An anonymous reader writes "In 2006, heads rolled at AOL after the company released anonymized logs of user searches. With last week's announcement that researchers had been able to learn the identities of users in the scrubbed Netflix dataset, could the days of companies sharing data with academic researchers be numbered? Shortly after the AOL incident, Google's Eric Schmidt called the data release 'a terrible thing,' and assured the public that 'this kind of thing could not happen at Google.' Will any high tech company ever take this kind of chance again? If not, how will this impact research and and the development of future technologies that could have come from the study of real data?"

4 of 85 comments (clear)

  1. Correlations by Lachryma · · Score: 5, Insightful
    The identities were learned because the users shared their movie preference information with IMDB.

    I don't see this as a problem, yet.

  2. The Impact by flaming+error · · Score: 4, Insightful

    > how will this impact research and and the development
    > of future technologies that could have come from the
    > study of real data?

    It's definitely a hindrance. Kind of like not letting cops search houses without permission.
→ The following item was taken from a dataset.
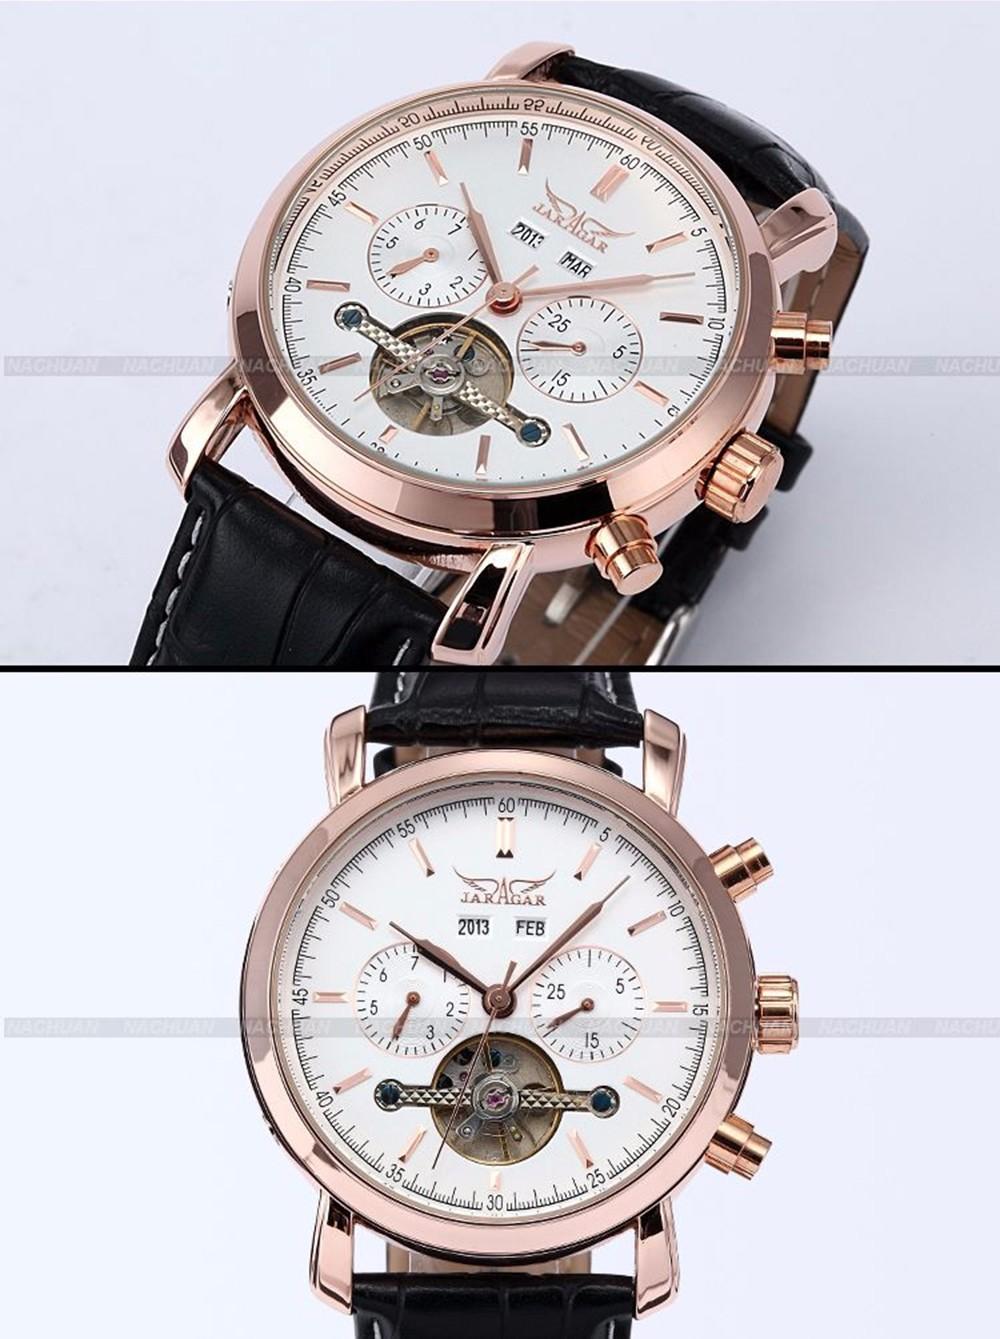 HTB1FvMNNpXXXXaEXpXXq6xXFXXXV - JARAGAR Automatic Mechanical Watch for Men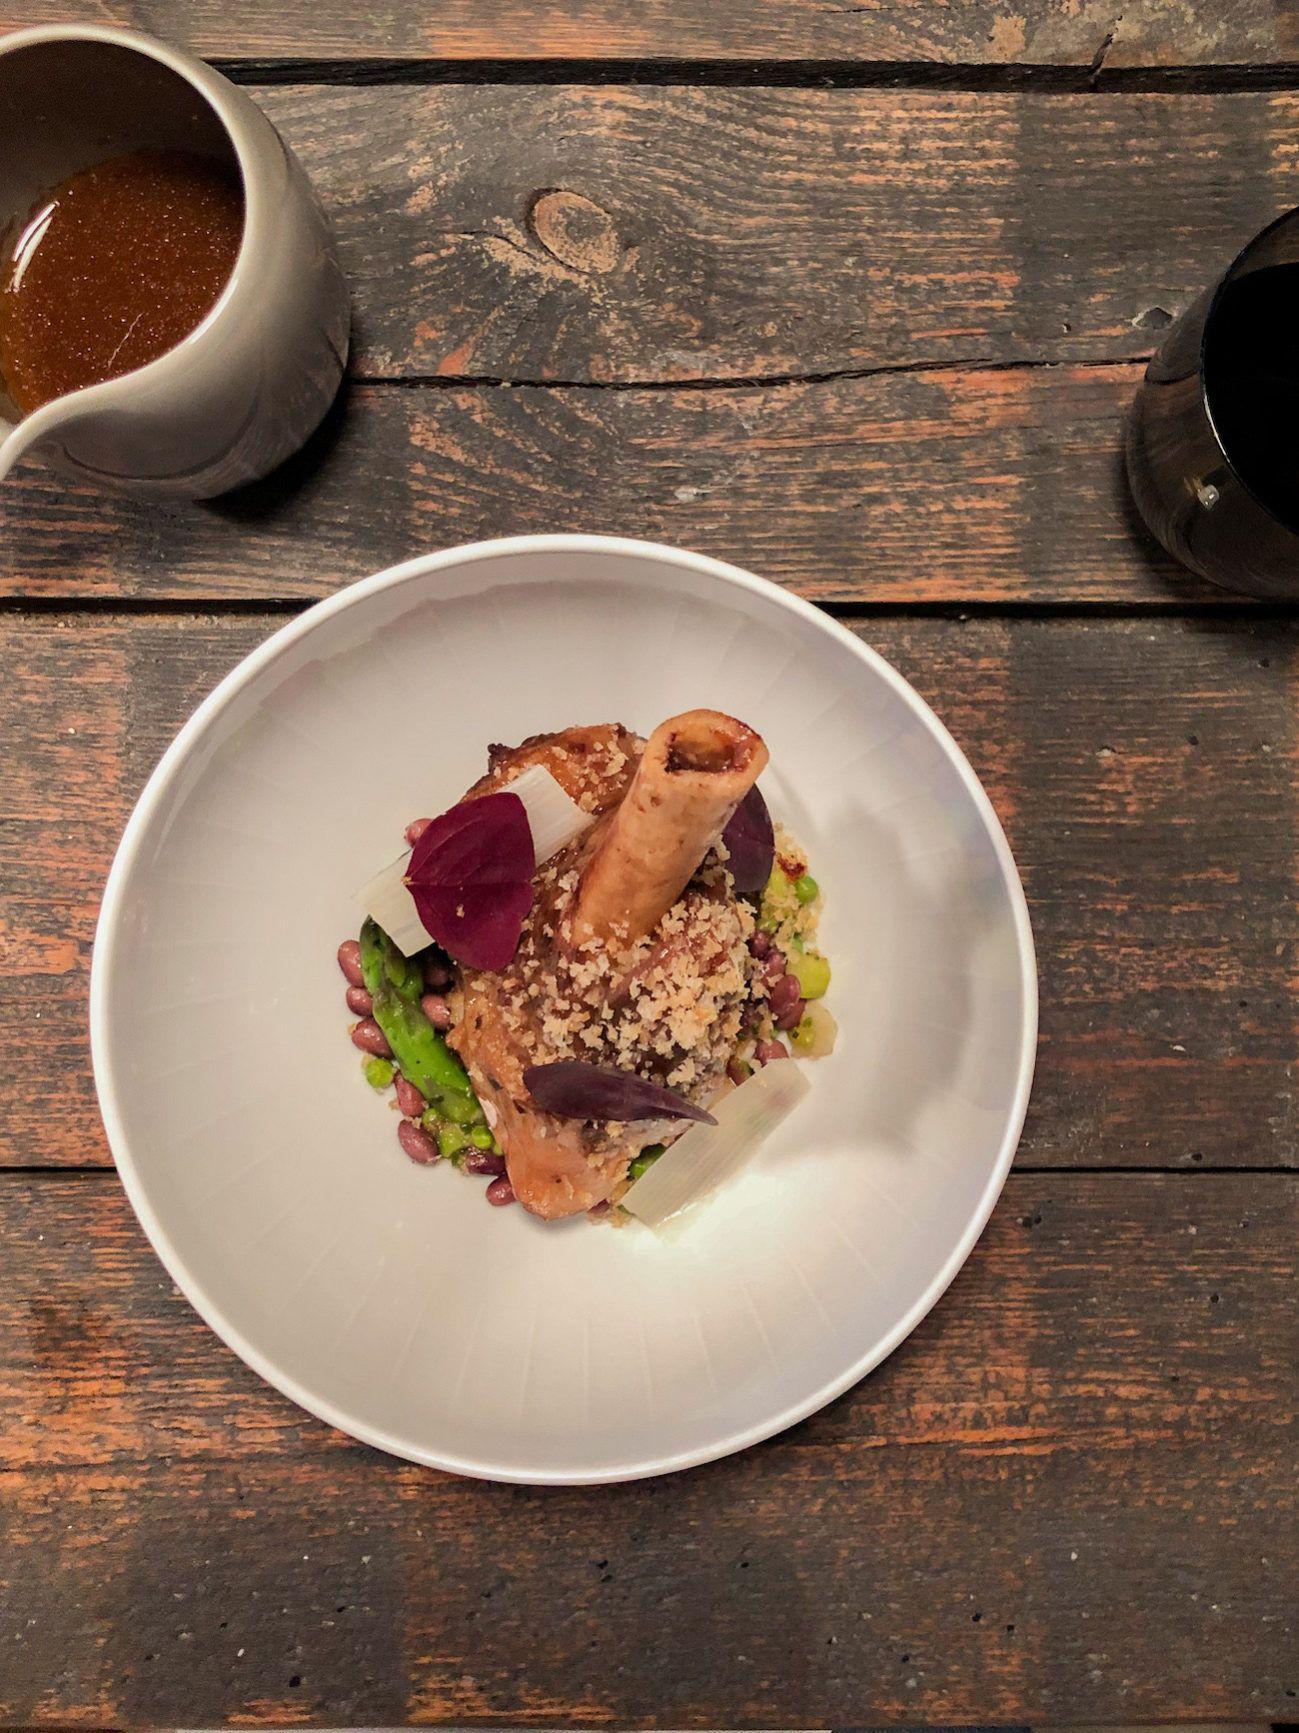 Foodblog, About Fuel, Leckerbissen, Tisk, Restaurtant, Hauptspeise, Lammkeule

  3. Re:Opt-in by kcwhitta · · Score: 5, Insightful

    The problem with opt-in statistical gathering is that they can skew a sample, subtly biasing it. This would invalidate a lot of scientific research.

  4. research for the sake of? by BlowChunx · · Score: 4, Insightful

    I love this quote from TFA:
    "Companies do not make money by giving researchers access to data. "

    Wrong! Netflix released data to get a better recommendation system. The better they can pick movies for you, the more you will like their service. The $1million prize is peanuts compared to the increase in revenue a better system can bring.

    I wonder if anyone has estimated the value of the man hours invested in this contest?